To do:
Print exactly the lines below between the line holding "Powstaną linie autobusowe" and the line holding "Skulls ‘n’ Roses | Purple | Duffel Bag", inclusive, and nothing more.

Information supplied:
────────────────────

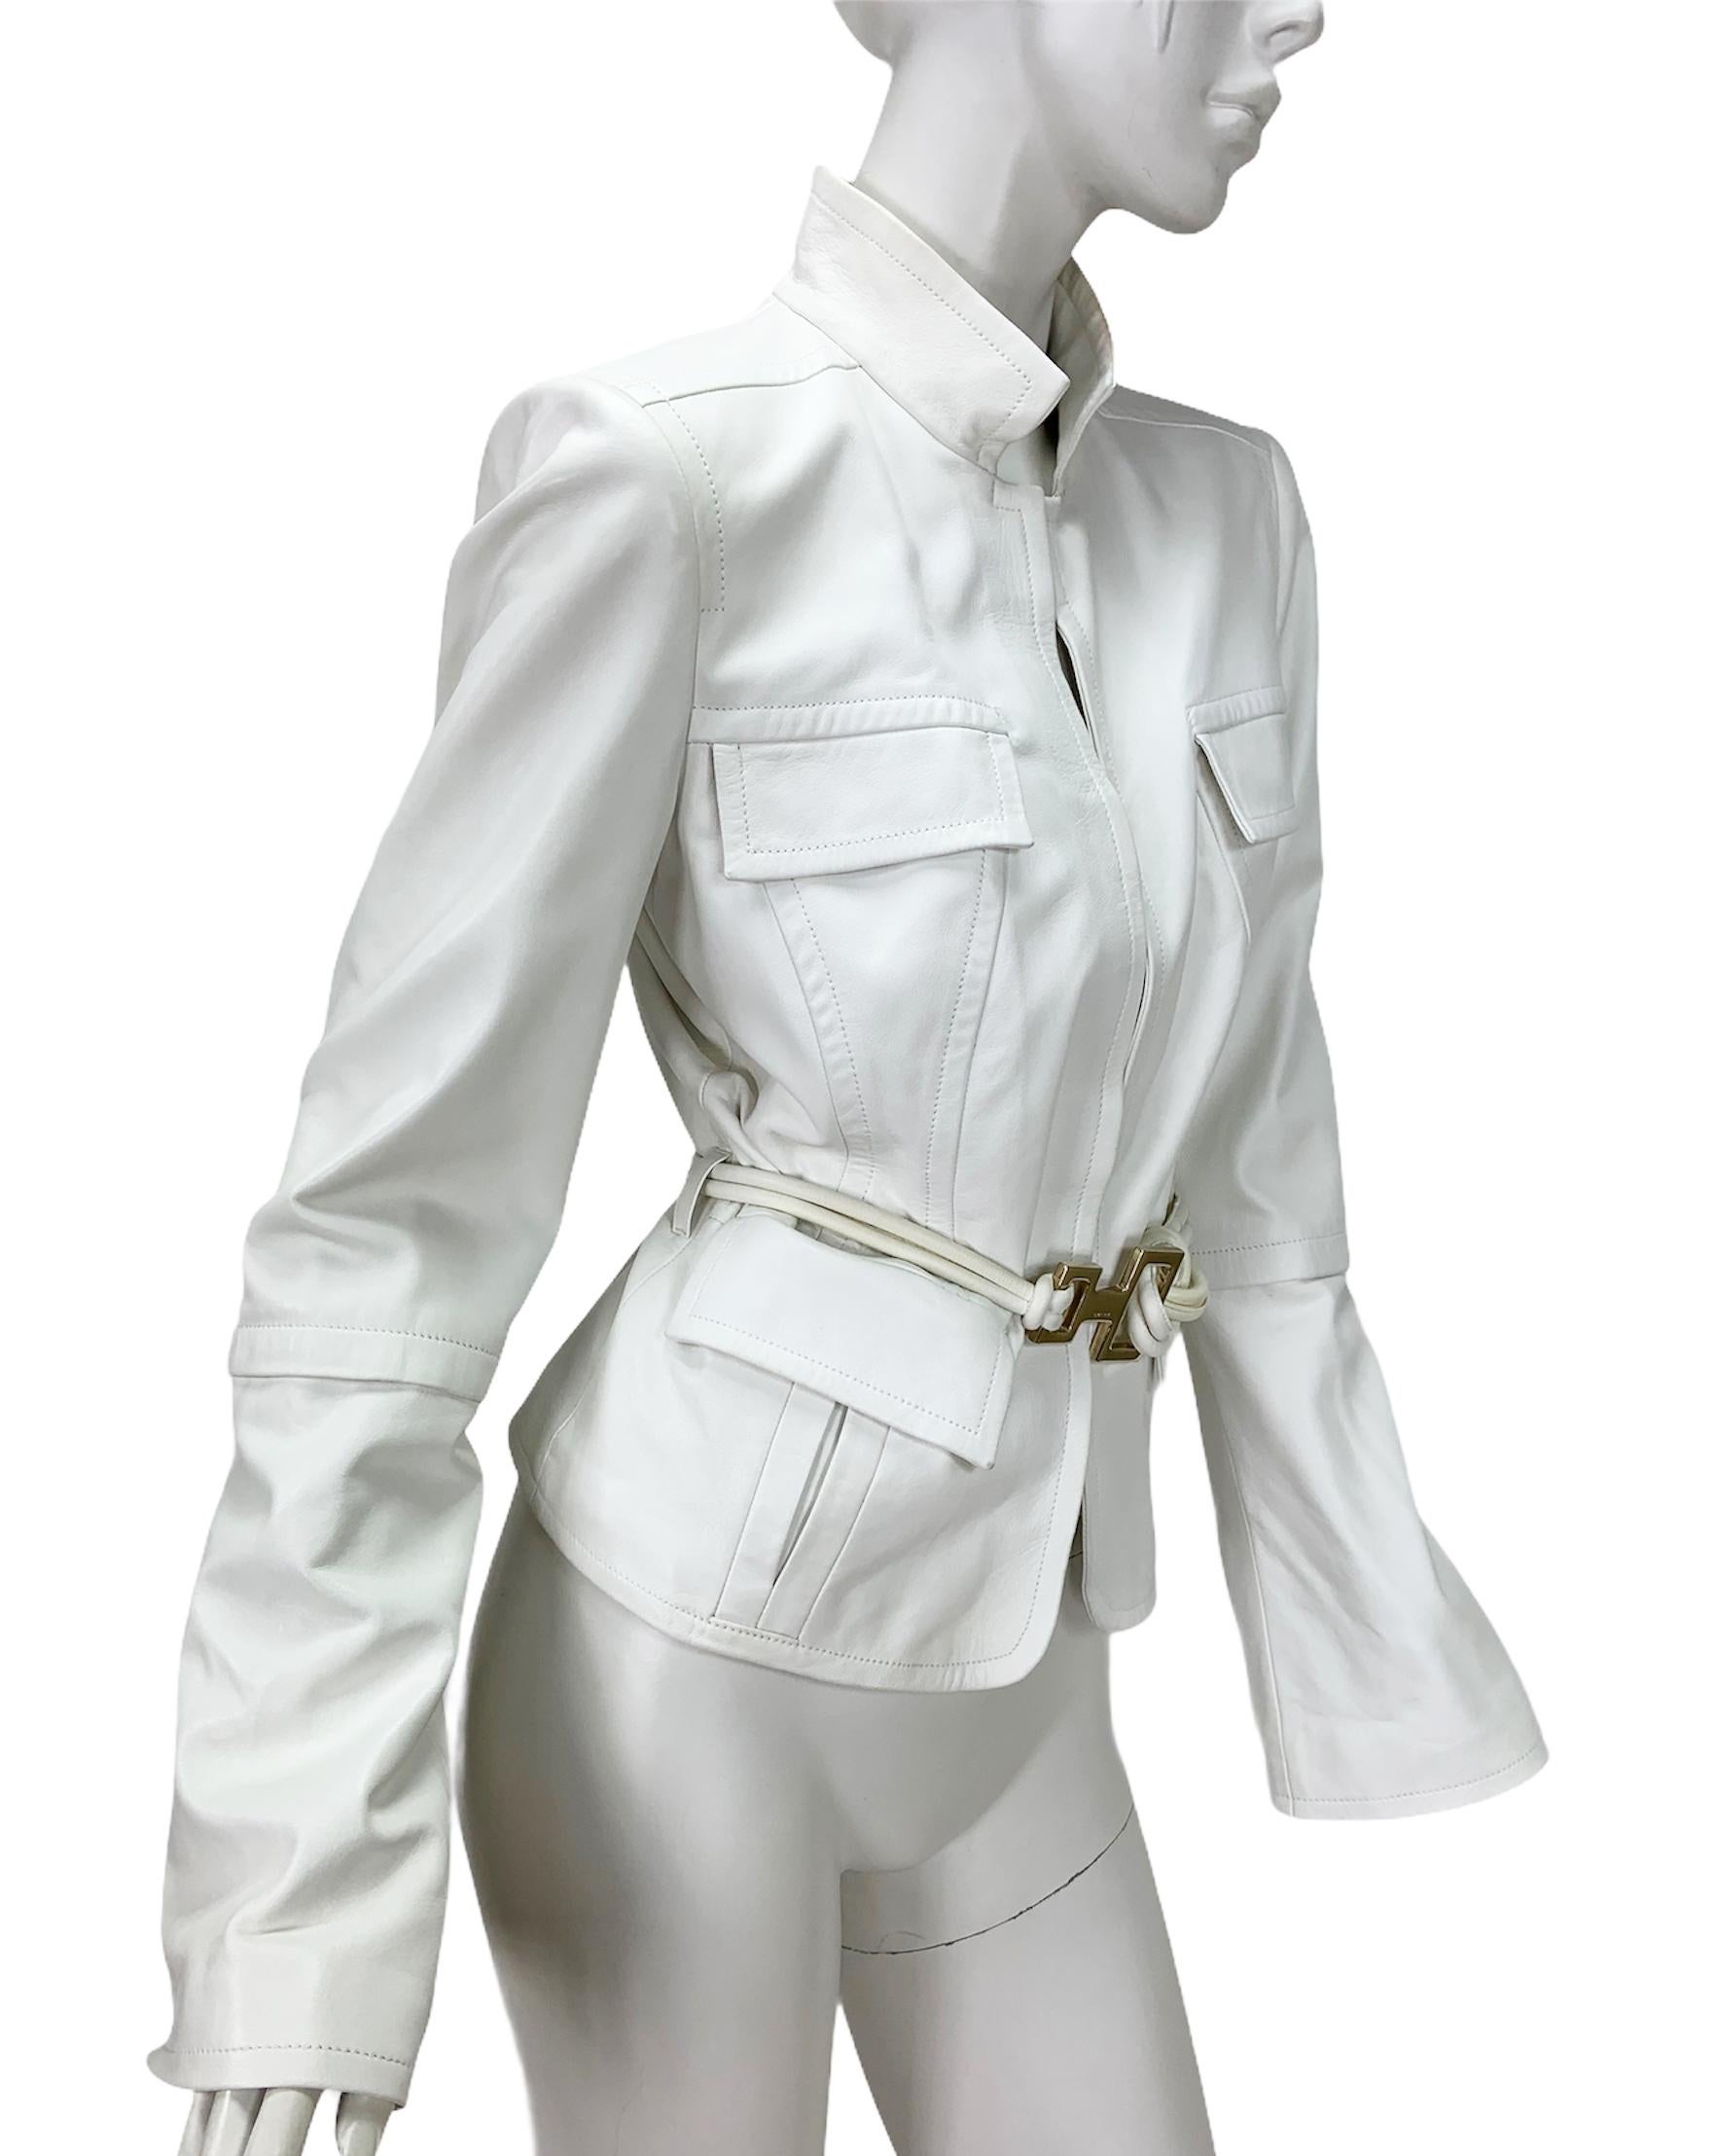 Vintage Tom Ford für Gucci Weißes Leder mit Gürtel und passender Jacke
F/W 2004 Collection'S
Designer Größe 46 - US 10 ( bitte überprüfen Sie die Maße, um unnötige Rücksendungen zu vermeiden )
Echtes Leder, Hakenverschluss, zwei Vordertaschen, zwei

────────────────────

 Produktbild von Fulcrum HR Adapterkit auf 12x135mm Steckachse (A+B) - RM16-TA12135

────────────────────

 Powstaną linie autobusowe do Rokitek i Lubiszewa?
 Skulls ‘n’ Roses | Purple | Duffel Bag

────────────────────

Written answer:
 Powstaną linie autobusowe do Rokitek i Lubiszewa?
 Skulls ‘n’ Roses | Purple | Duffel Bag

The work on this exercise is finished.